We will explore the elegant abstraction of virtual memory, which gives each process a clean, private address space, and the hardware that makes it possible: the Memory Management Unit (MMU). You will learn how the kernel juggles physical memory pages, swapping less-used ones to secondary storage, and how it efficiently handles countless small allocations. For developers working on the Raspberry Pi 5, understanding these mechanisms is the key to unlocking the full potential of its powerful 64-bit processor and avoiding the pitfalls that can lead to system crashes or unpredictable behavior.
Technical Background
The Illusion of Virtual Memory and the Role of the MMU
At the heart of modern operating systems lies a powerful illusion: every process believes it has the entire system’s memory to itself. This is the magic of virtual memory. A process doesn’t operate on physical RAM addresses directly. Instead, it works with a set of addresses in its own private virtual address space. On a 64-bit system like the Raspberry Pi 5, this address space is immense—2^64 bytes, a theoretical limit far beyond any physical memory available. This abstraction provides two crucial benefits: process isolation and memory flexibility. Isolation ensures that a misbehaving process cannot corrupt the memory of another process or, more importantly, the kernel itself. Flexibility allows the kernel to manage physical memory far more efficiently, placing data wherever it sees fit without the application’s knowledge.
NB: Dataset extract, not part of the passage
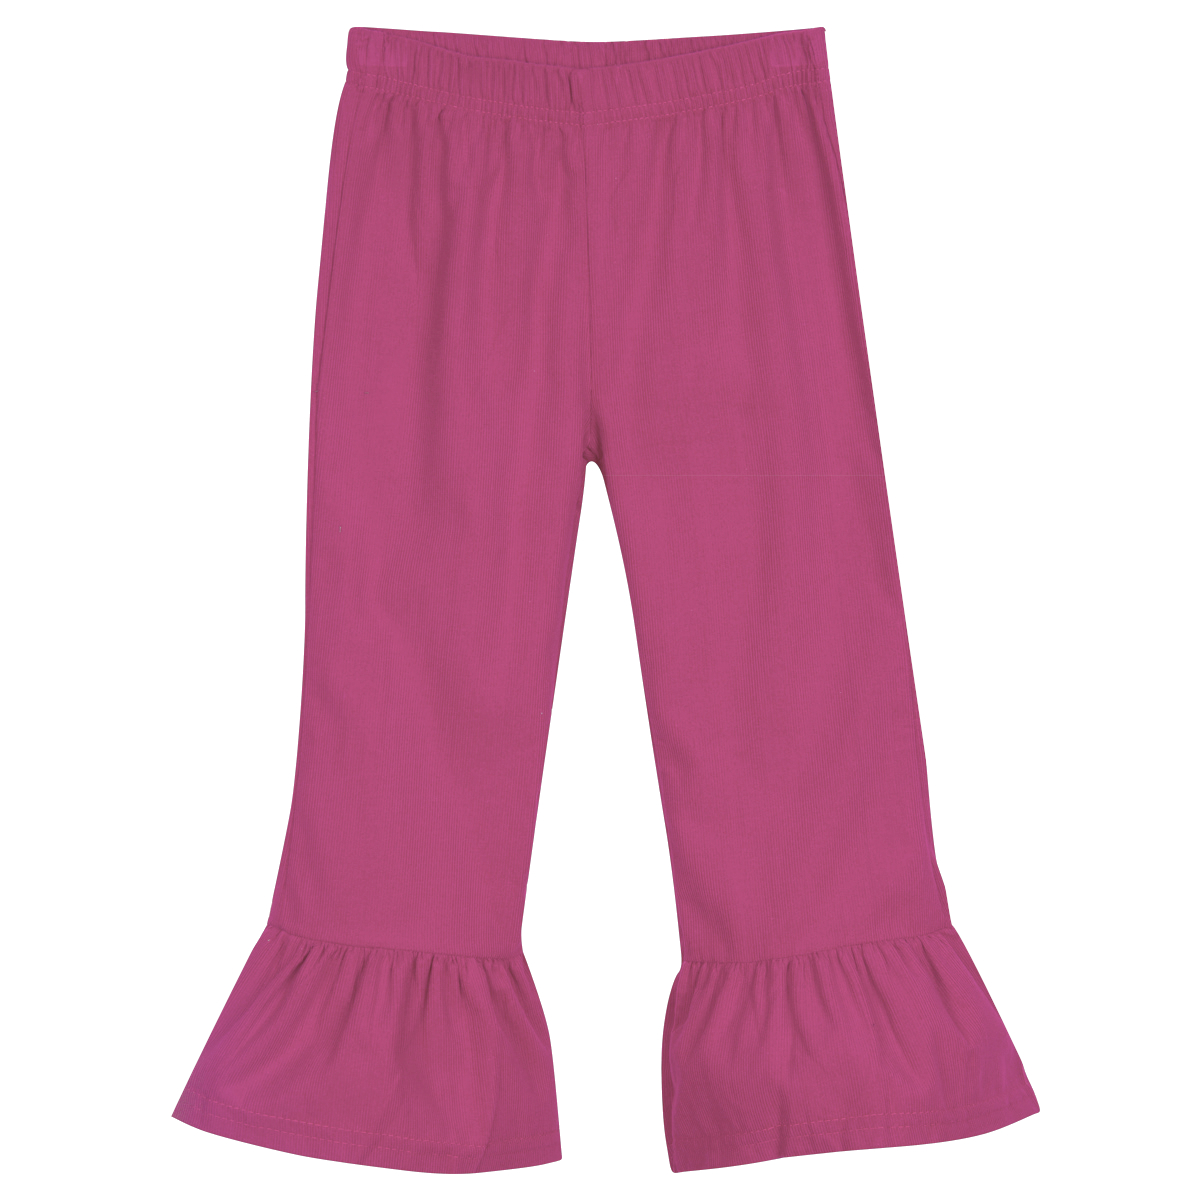 Girl's Striped Boutique Ruffle Pants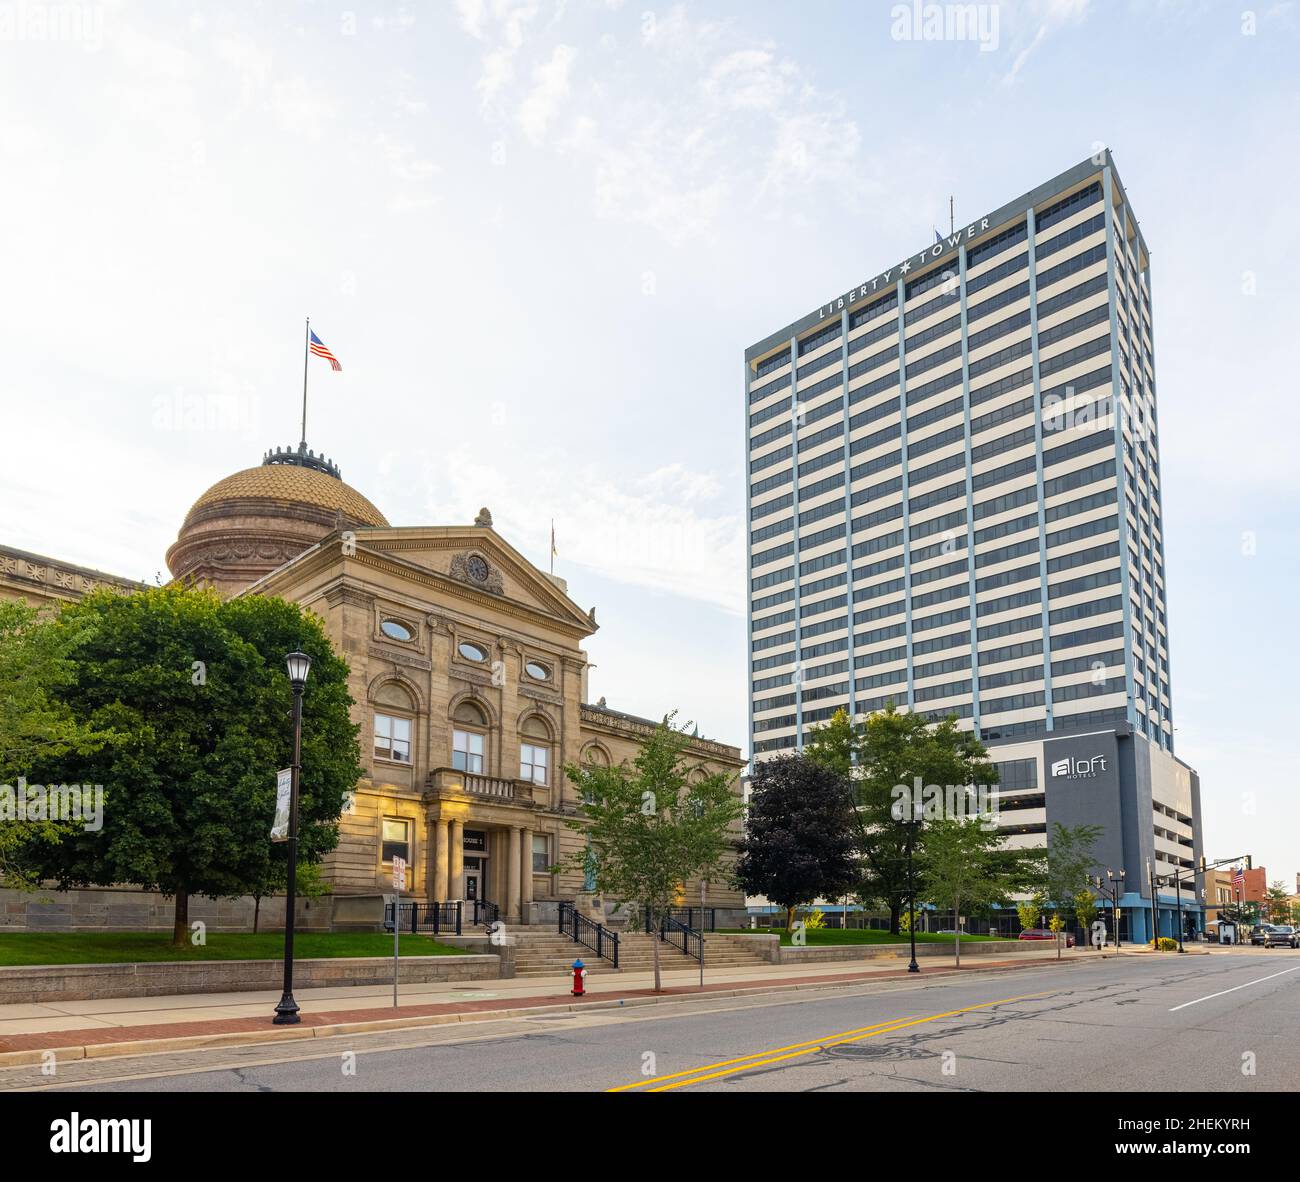 South Bend, Indiana, USA - August 21, 2021: The St Joseph County Courthouse and the Liberty Tower Stock Photo

This entire mechanism is enabled by a piece of hardware called the Memory Management Unit (MMU). The MMU is a component of the CPU that sits between the processor core and the physical memory bus. Its primary job is to translate the virtual addresses generated by the CPU into the physical addresses that correspond to actual locations in the RAM chips. If a process requests access to memory location 0x4000
, the MMU intercepts this request and, using a set of translation tables maintained by the kernel, converts it to a real physical address, say 0x1A3B8000
. This translation is transparent to the application.
To speed up this translation process, the MMU includes a high-speed cache called the Translation Lookaside Buffer (TLB). The TLB stores recently used virtual-to-physical address mappings. When the CPU requests a memory access, the MMU first checks the TLB. If a valid mapping (a TLB hit) is found, the translation is nearly instantaneous. If not (a TLB miss), a more complex process is triggered. The MMU’s page table walker hardware must traverse the page tablesresiding in main memory to find the correct translation. Once found, this mapping is cached in the TLB for future use. A TLB miss is significantly slower than a hit, so system performance relies heavily on maintaining a high TLB hit rate.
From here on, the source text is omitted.